I miss you.
For the past week, I have barely been able to sleep without constant dreams of you.
I didn’t know what to say when we spoke. I was afraid and confused. My heart stopped when you said what you said, and I’m afraid it may not beat the same way again.
Misunderstandings happen. They happen all the time and it takes patience to smooth them out. That’s what I thought this was. I thought this would all blow over and we would be okay. I know it’s hard to deal with me and I’m sorry for being so difficult, but could you blame me for pushing away at times when I feel like I could get hurt?
I love you. I don’t know how much or how little, but it’s just enough to keep me awake at night and make me believe in impossible dreams.
I think of you throughout moments of each day, wondering and hoping that, maybe, you are thinking of me too. You have been there for me when, at times, I couldn’t be there for myself. I hope in some, small way, I have been able to do the same for you. I want you to know that I believe in you. I hope for you. Please, don’t be so hard on yourself and be kind to yourself because the time will come when all the things you want now will be yours.
I want to beg you to change your mind. I want to tell you it will be different and that it will be all we imagined and more.
I’m fighting everything in me not to get on a plane and tell you how much you mean to me and that the way I feel about you, this overwhelming mixture of emotions, is something worth fighting for.
I want to tell you that I wish you would fight for me; that I want you to fight for me because you are everything to me and some part of me wishes you felt the same.
You know I’d pack my bags and get there somehow if I thought it would change your mind, but I’m scared to death it won’t.

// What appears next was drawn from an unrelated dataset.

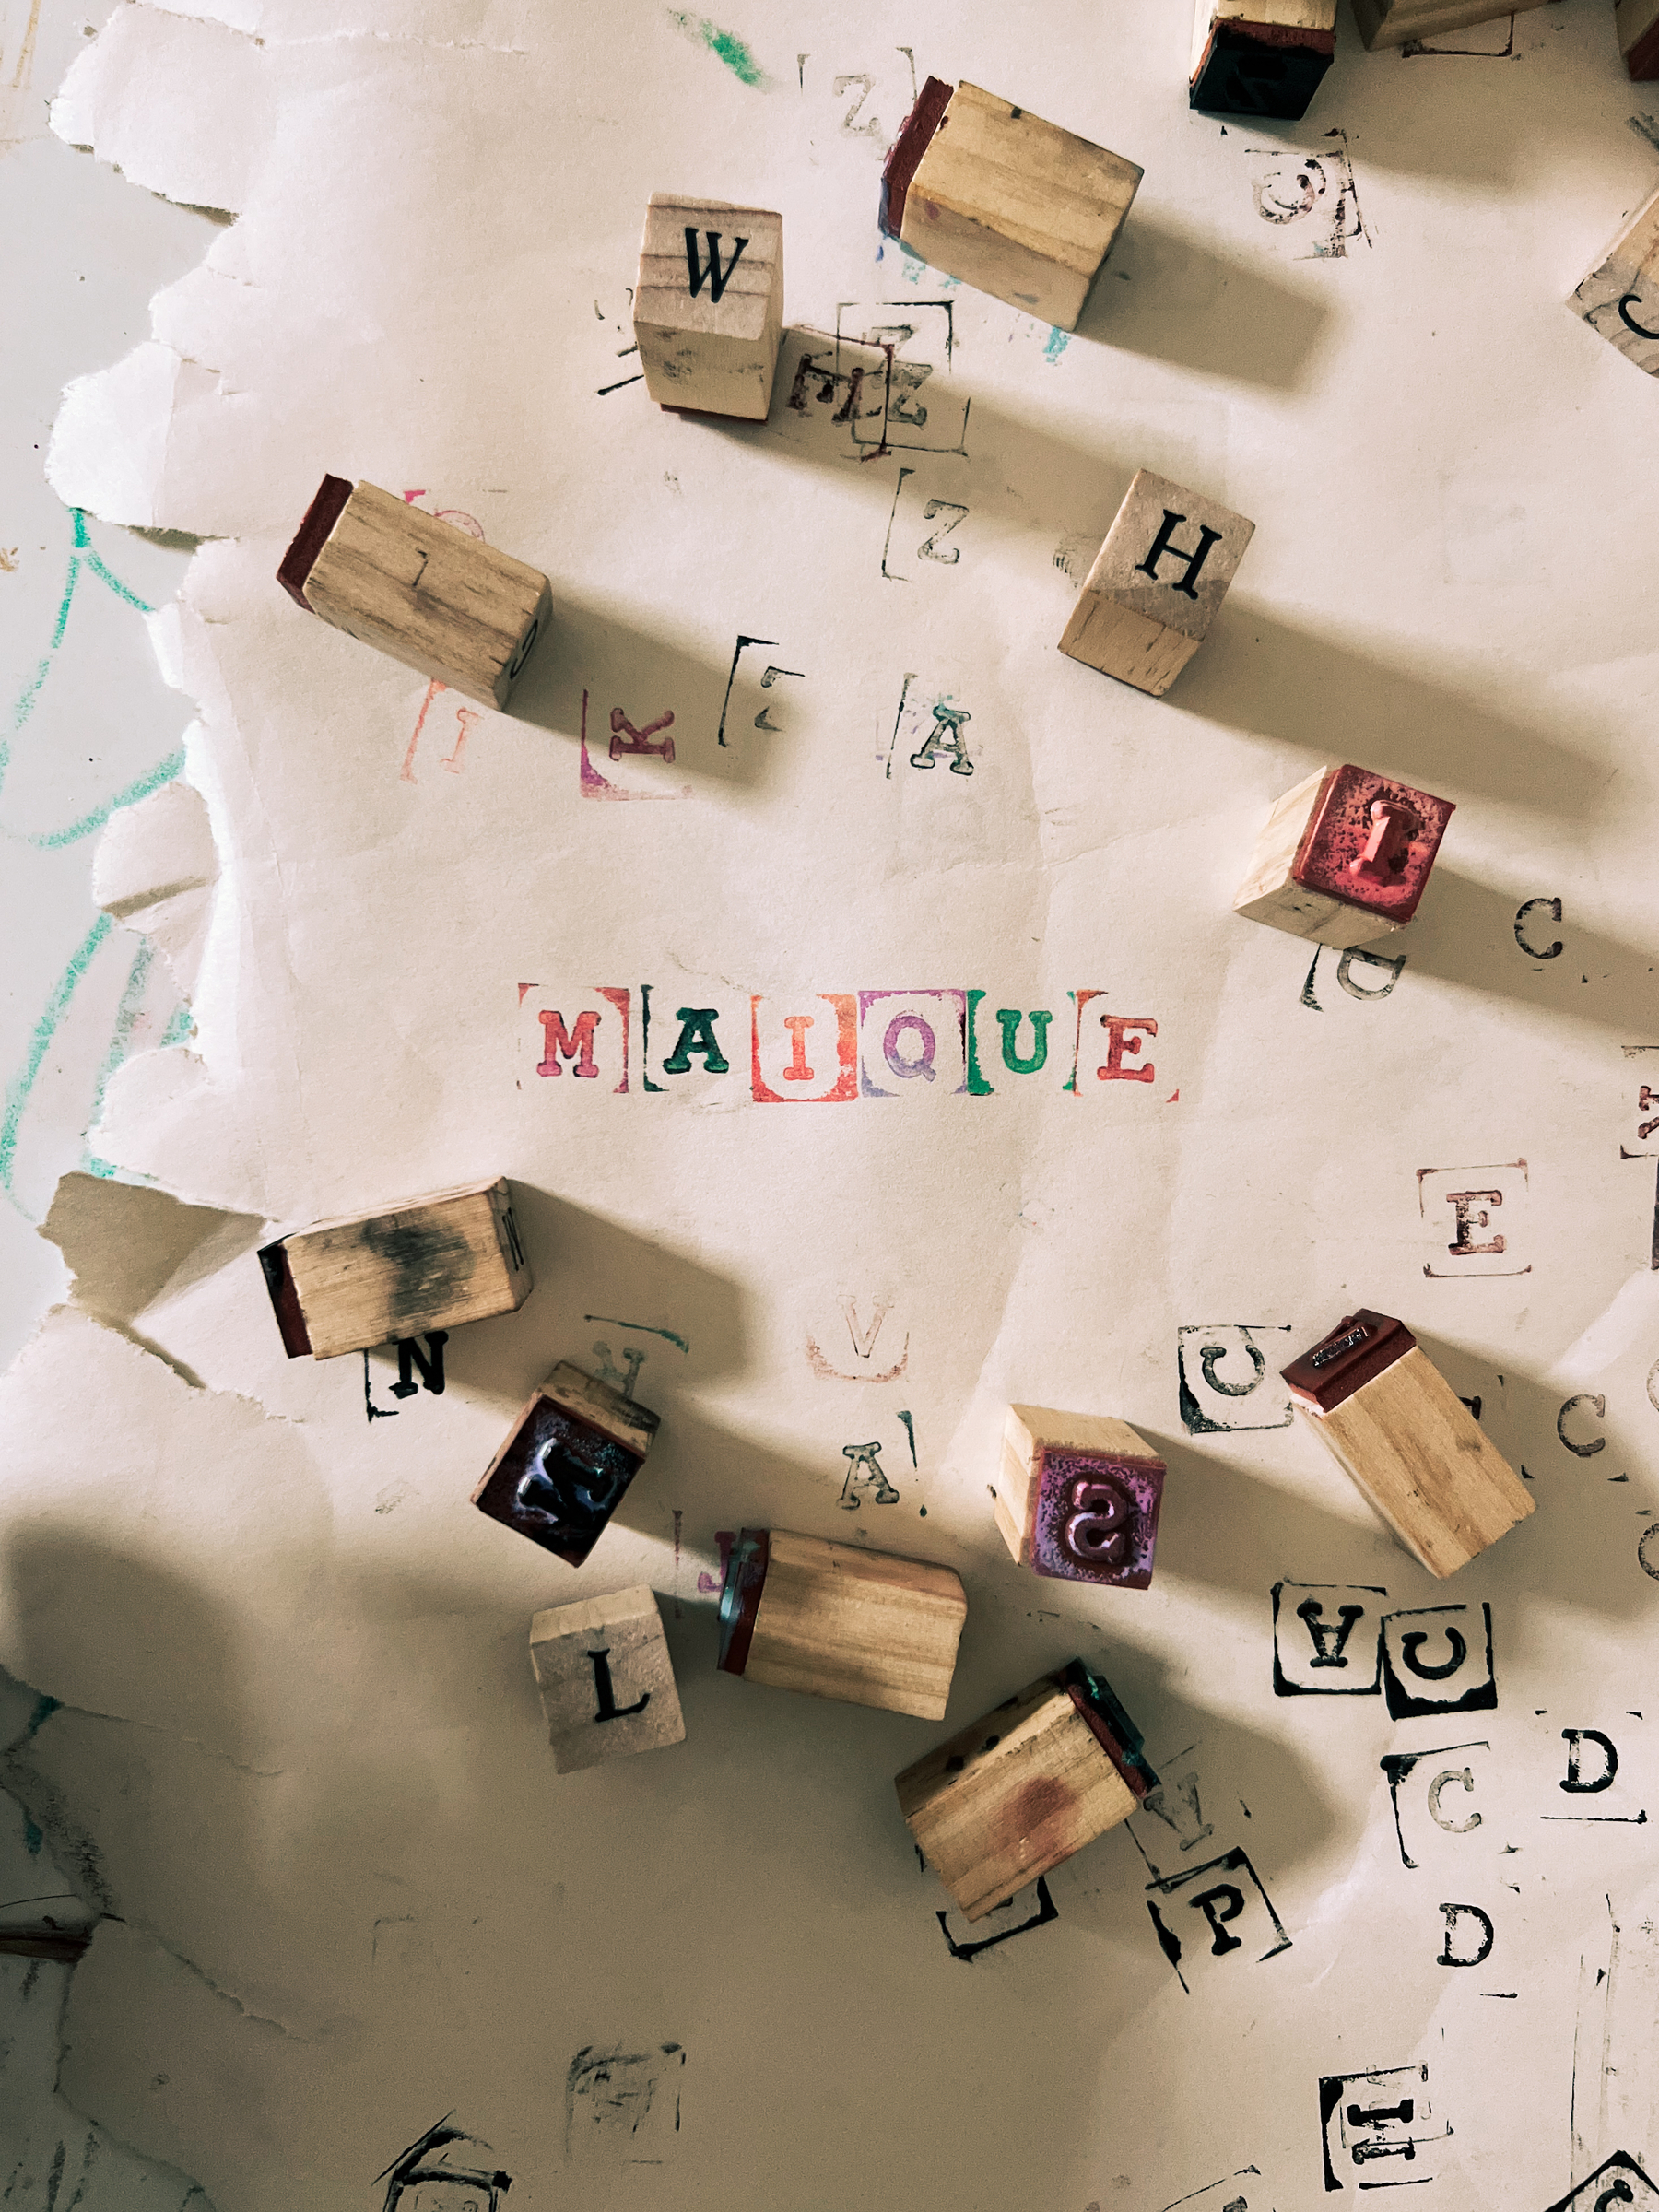 The word &ldquo;maique&rdquo; in individual letters, stamped on paper. Stamps are spread all over.

I want to keep you. I want you to hold me and promise me a world together, but some impossible things are just that.
For now I’ll just imagine. I’ll imagine waking up and falling asleep to the sound of your voice. I’ll imagine exploring new cities with you. I’ll imagine midnight walks, holding your hand, and pretending that no one else in the world exists except for us.
And if by some chance or circumstance, we meet each other again in some vague and distant future, I hope you’ll remember us as we once were – happy.